PROVIDED DATA |
<<<<

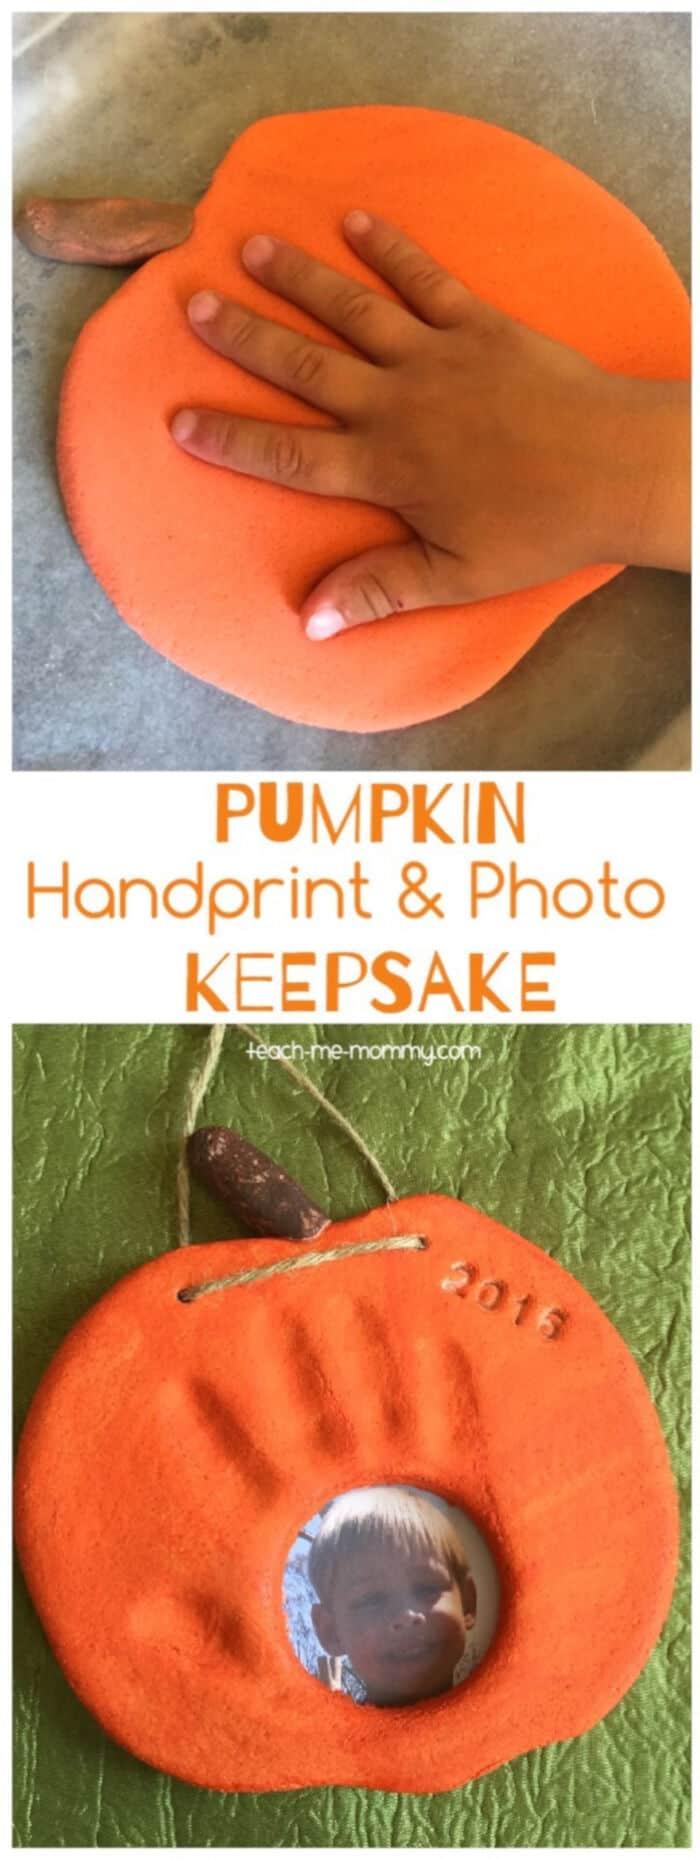 Pumpkin Handprint & Photo Keepsake by Teach Me Mommy
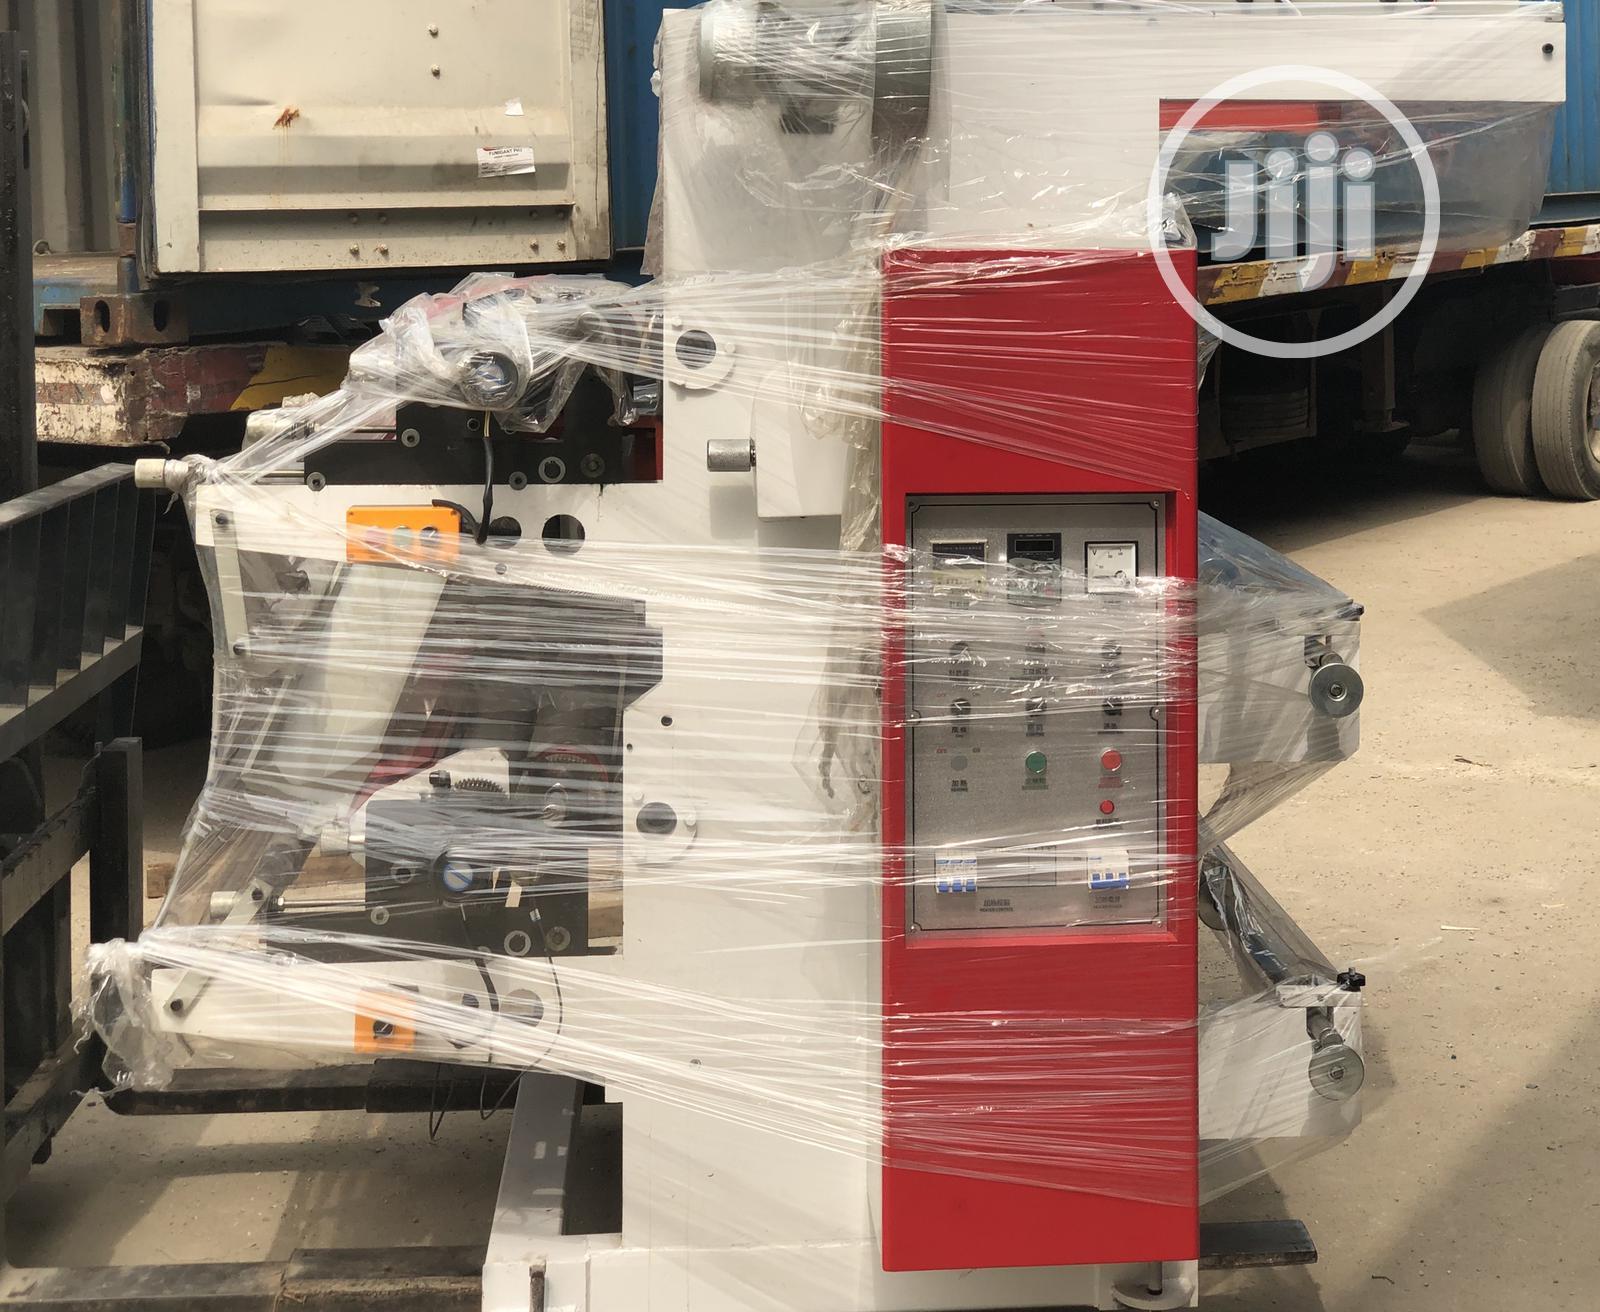 Flexo Nylon Printing Machine For Nylon Printing | Manufacturing Equipment for sale in Ikeja, Lagos State, Nigeria
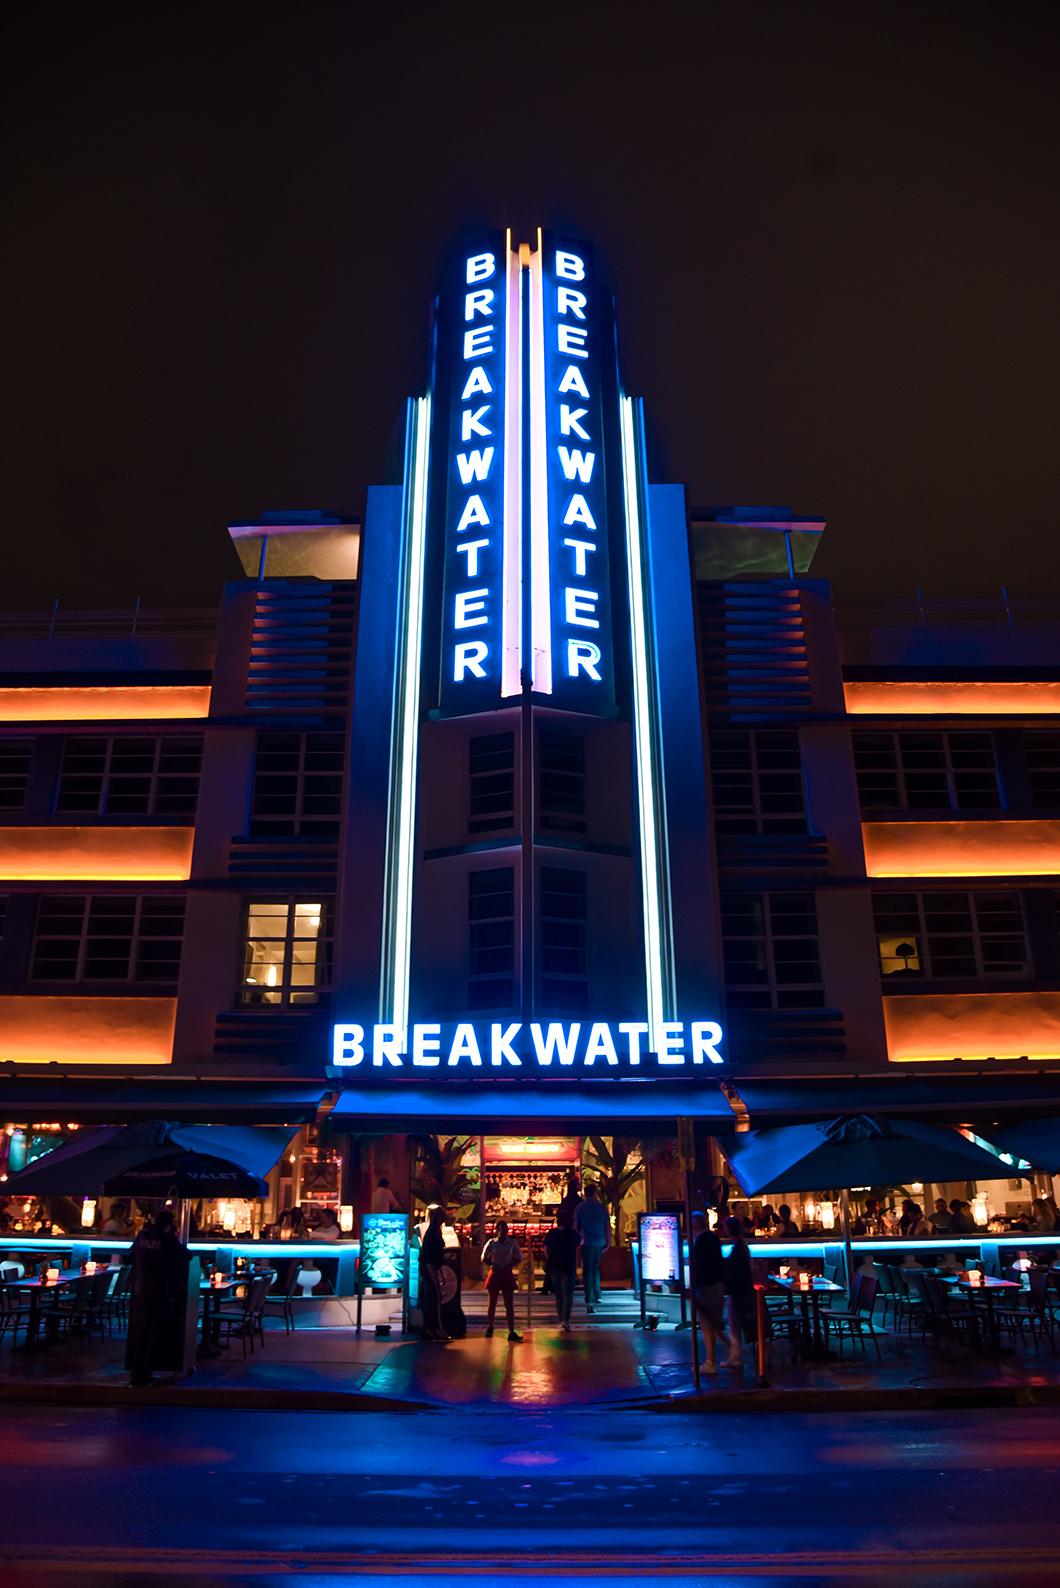 Hotel art deco de Miami de nuit

>>>>

PROBLEM |
Each line of the material goes into your copy unchanged, but no picture does.

EXERCISE SOLUTION |
 Pumpkin Handprint & Photo Keepsake by Teach Me Mommy
 Flexo Nylon Printing Machine For Nylon Printing | Manufacturing Equipment for sale in Ikeja, Lagos State, Nigeria
 Hotel art deco de Miami de nuit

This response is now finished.